Let’s see the most informative features among the entire features in the feature set.

The result shows that the names ending with letter “k” are male 36.9 times more often than they are female but the names ending with the letter “a” are female 34.1 times more often than they are male. Similarly, for other letters. These ratios are also called likelihood ratios.

Therefore, if you provide a name ending with letter “k” to the above trained classifier then it will predict it as “male” and if you provide a name ending with the letter “a” to the classifier then it will predict it as “female”.
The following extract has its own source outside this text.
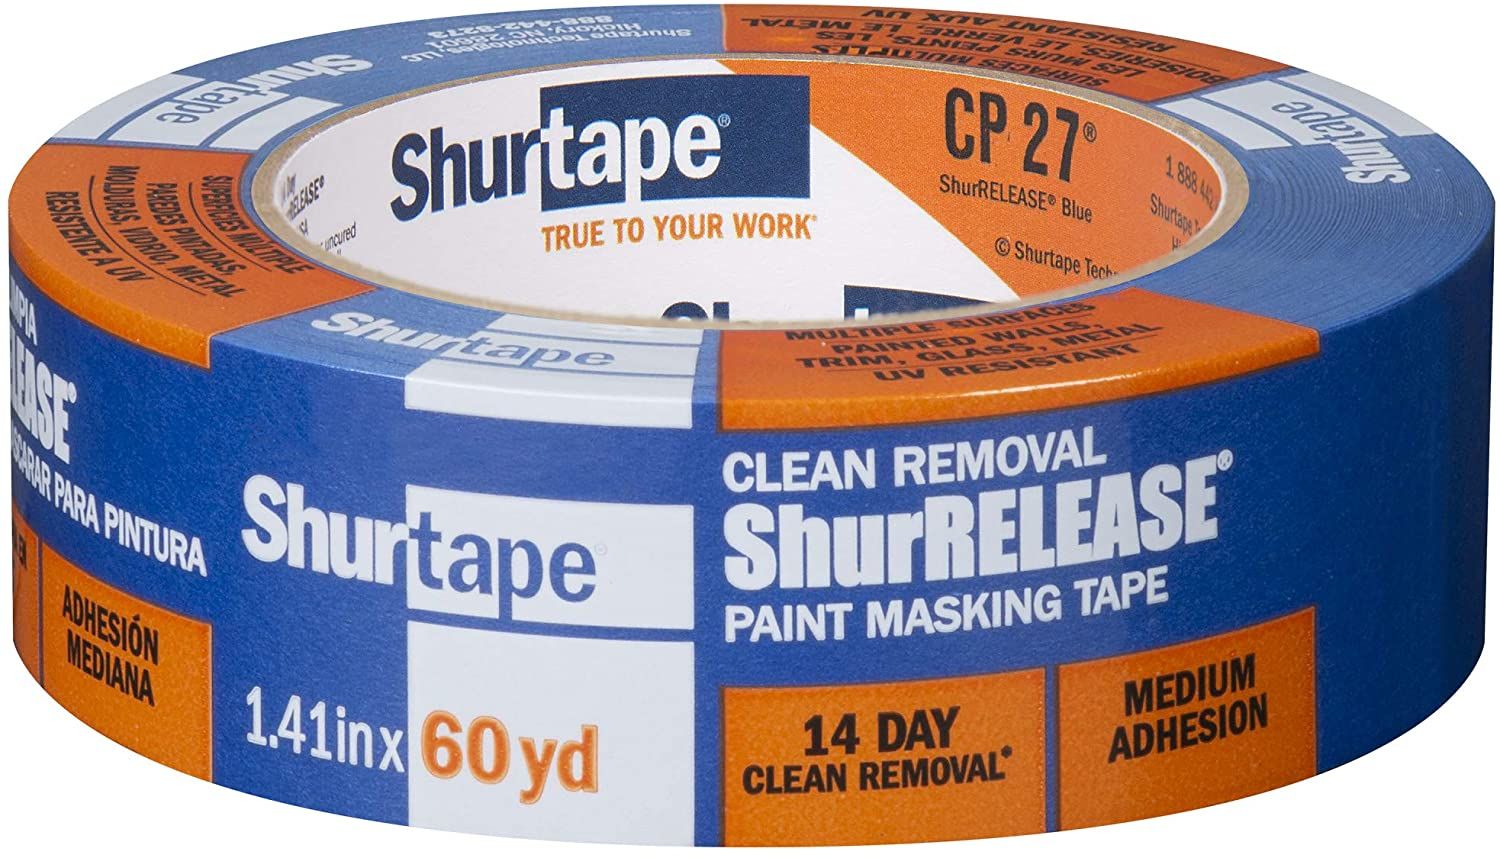 Shurtape ShurRELEASE Paint Masking Tape
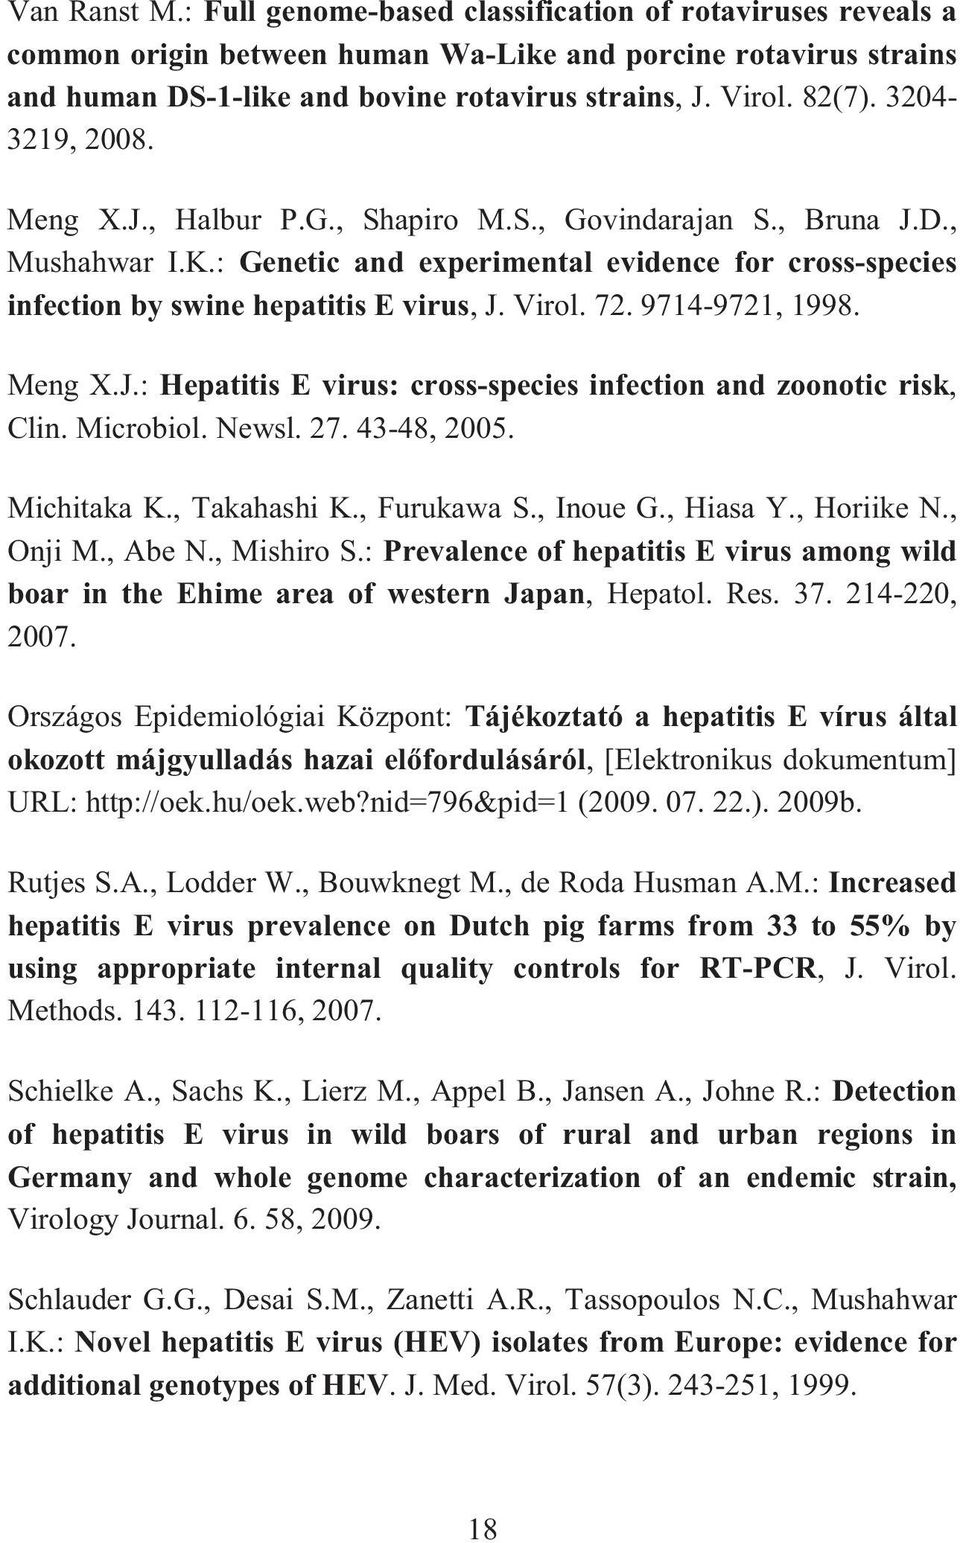 Virol. 72. 9714-9721, 1998. Meng X.J.: Hepatitis E virus: cross-species infection and zoonotic risk, Clin. Microbiol. Newsl. 27. 43-48, 2005. Michitaka K., Takahashi K., Furukawa S., Inoue G.

# show 5 most informative features
print (classifier.show_most_informative_features(5))
'''
Output:

Most Informative Features
             last_letter = 'k'              male : female =     36.9 : 1.0
             last_letter = 'a'            female : male   =     34.1 : 1.0
             last_letter = 'f'              male : female =     16.6 : 1.0
             last_letter = 'd'              male : female =      9.4 : 1.0
             last_letter = 'm'              male : female =      8.8 : 1.0
'''

print (classifier.classify(gender_features('Jack'))) # Output: male

print (classifier.classify(gender_features('Eliza'))) # Output: female

Note: You can modify the gender_features function to generate the feature set which can improve the accuracy of the trained classifier. For example, you can use both first and last letter of the names as the feature. Feature extractors are built through a process of trial-and-error & guided by intuitions.

Reference: Learning to Classify Text

Hope this helps. Thanks.